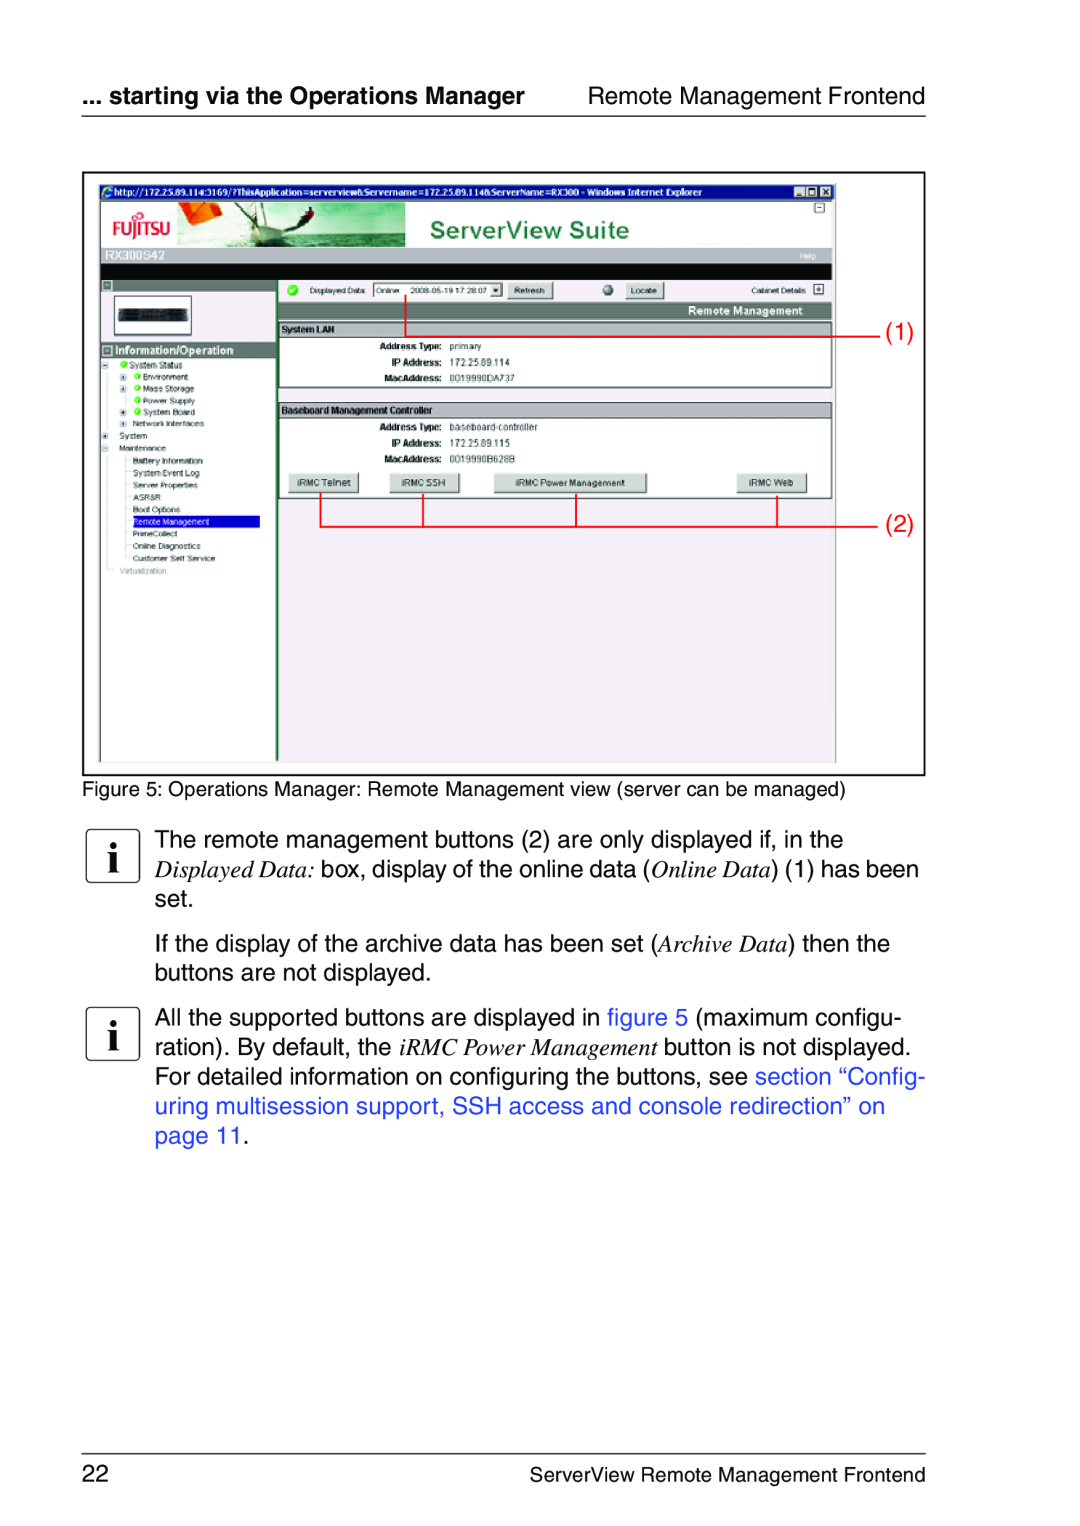 Fujitsu V4.90 manual starting via the Operations Manager 
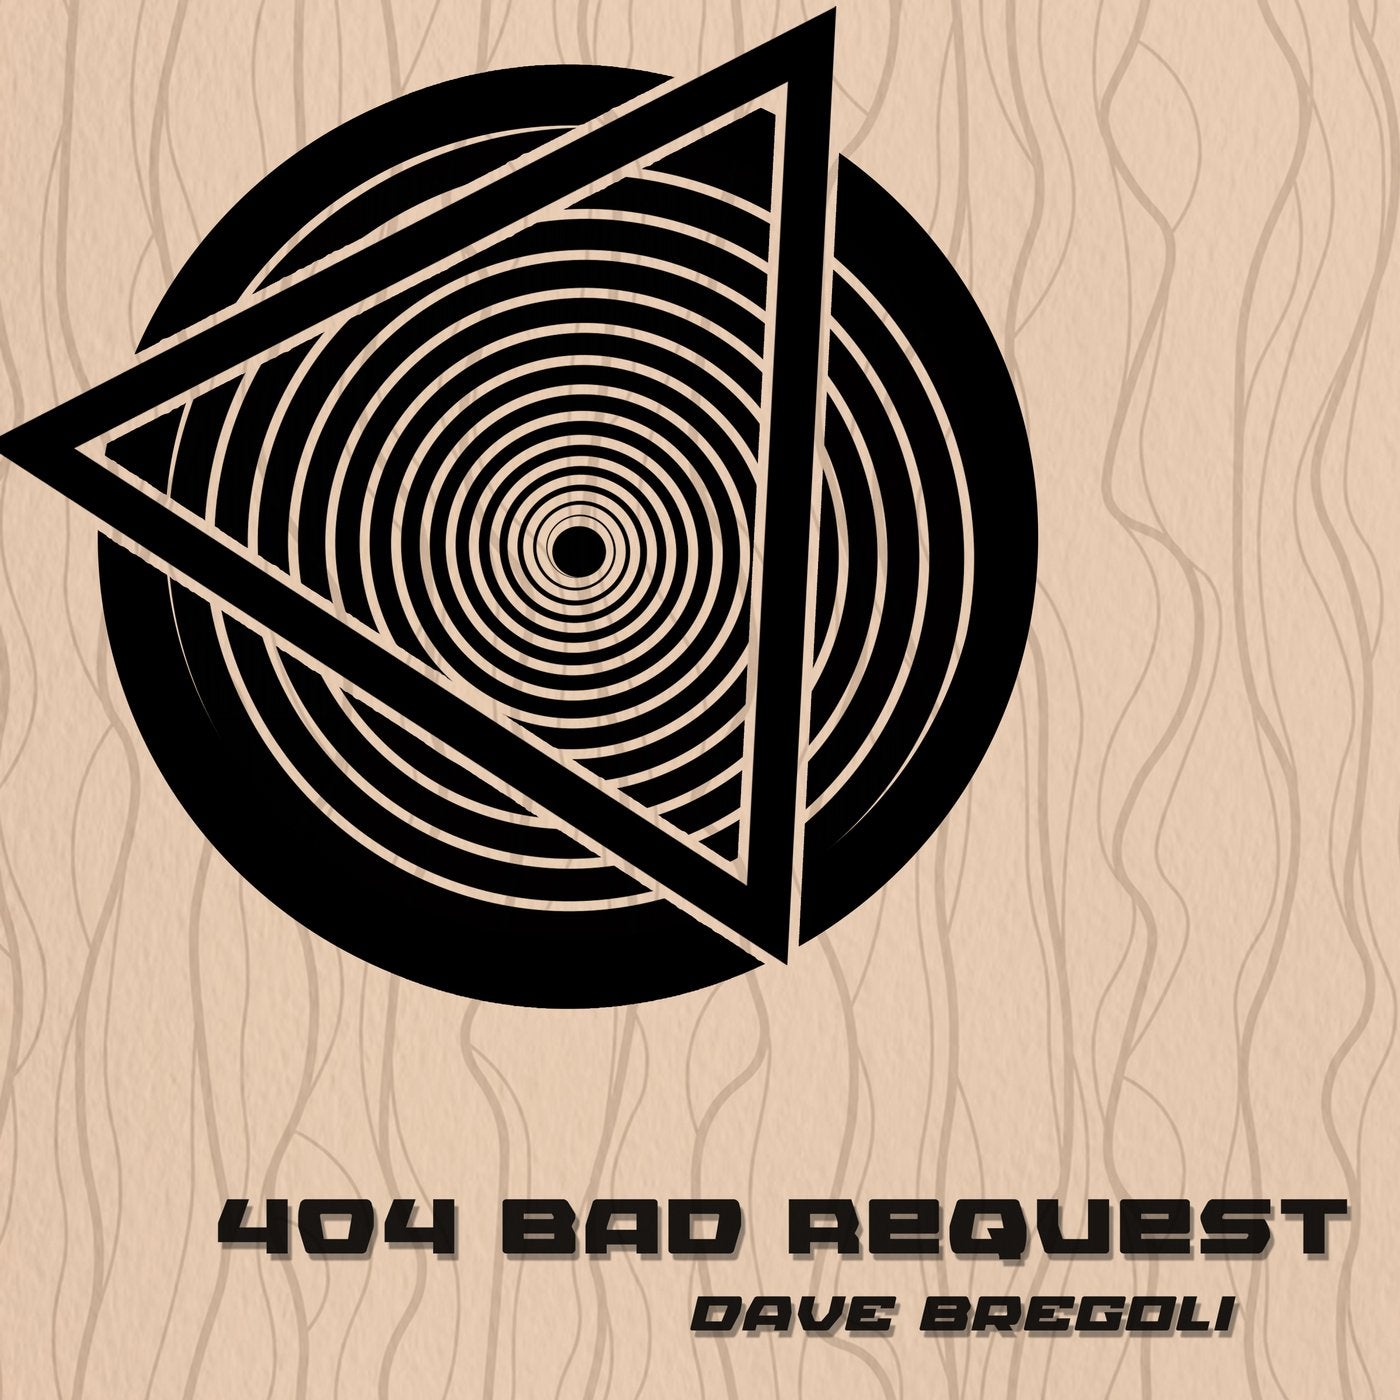 404 Bad Request
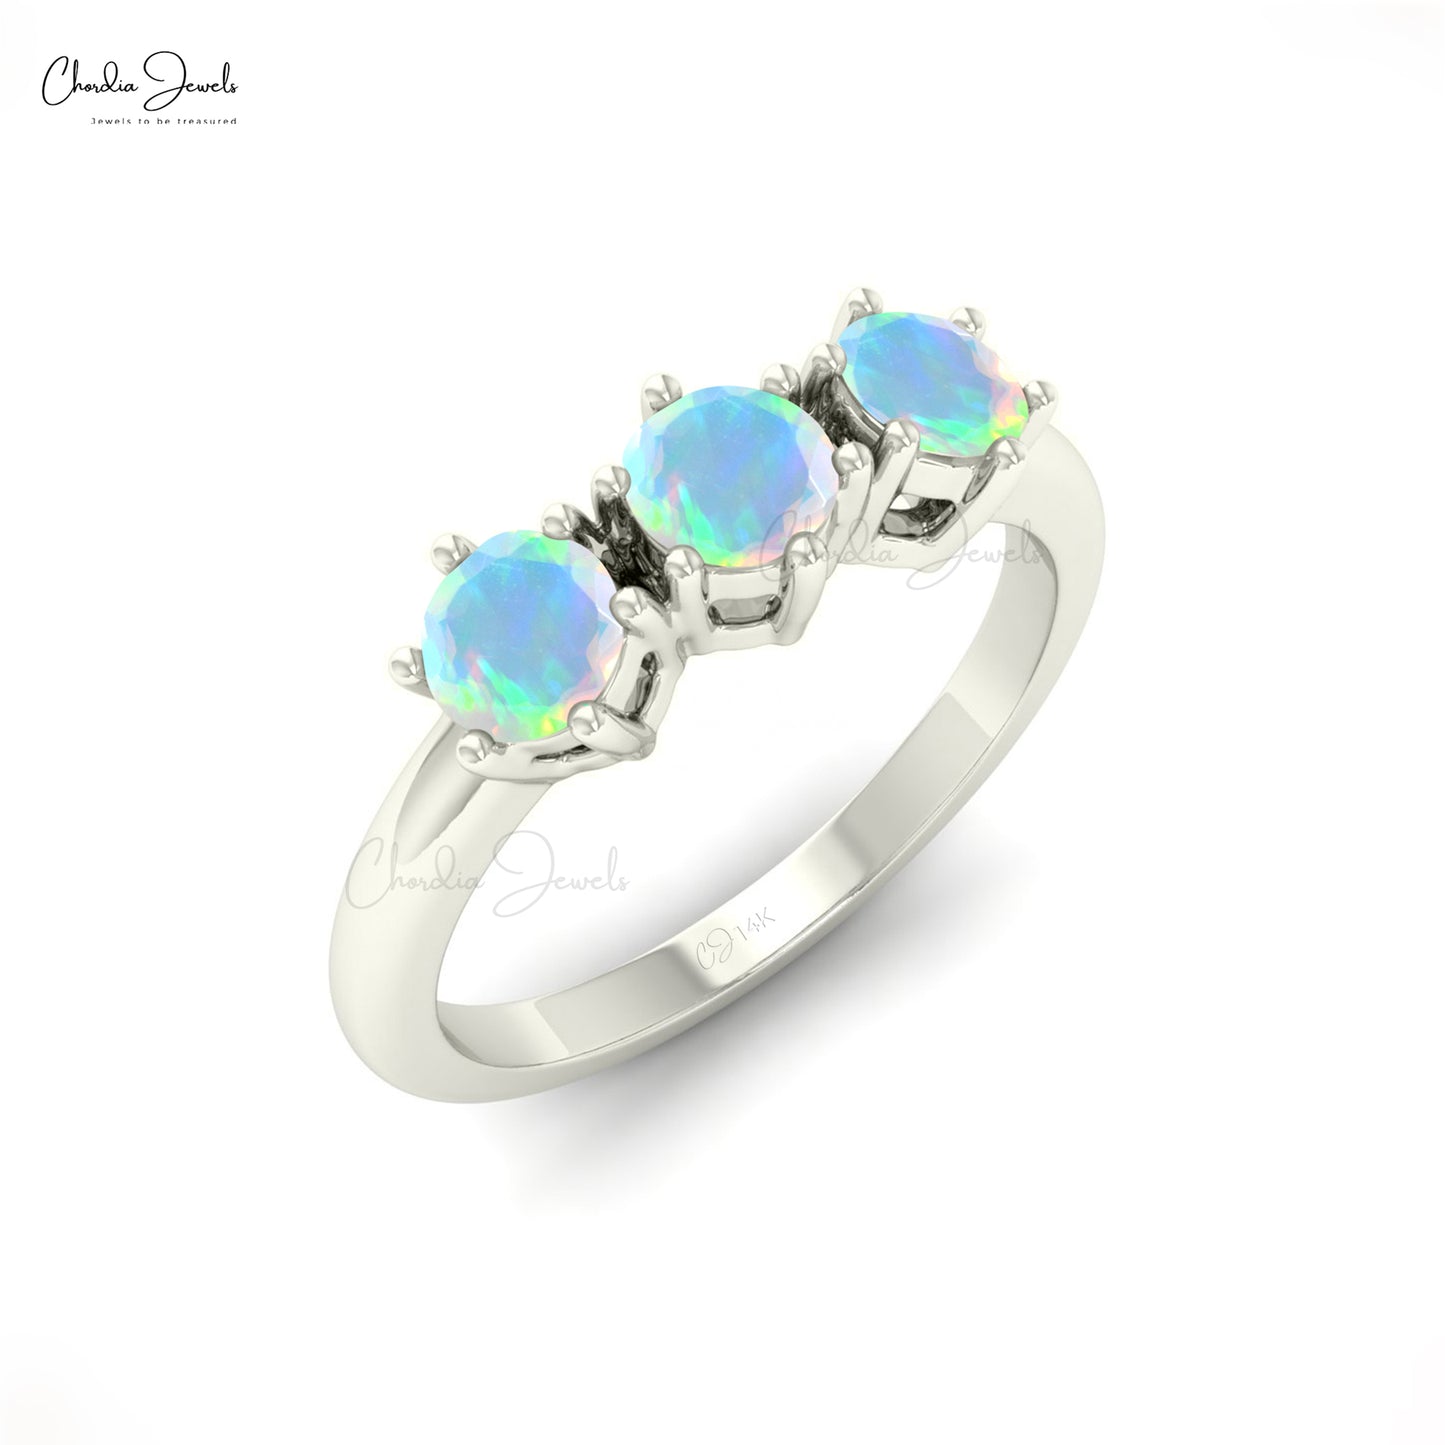 Buy Opal Dainty Ring

────────────────

Every line of the listing is to be repeated exactly, and the pictures are to be dropped.

Answer box =>
 Fujitsu V4.90 manual starting via the Operations Manager 
 404 Bad Request
 Buy Opal Dainty Ring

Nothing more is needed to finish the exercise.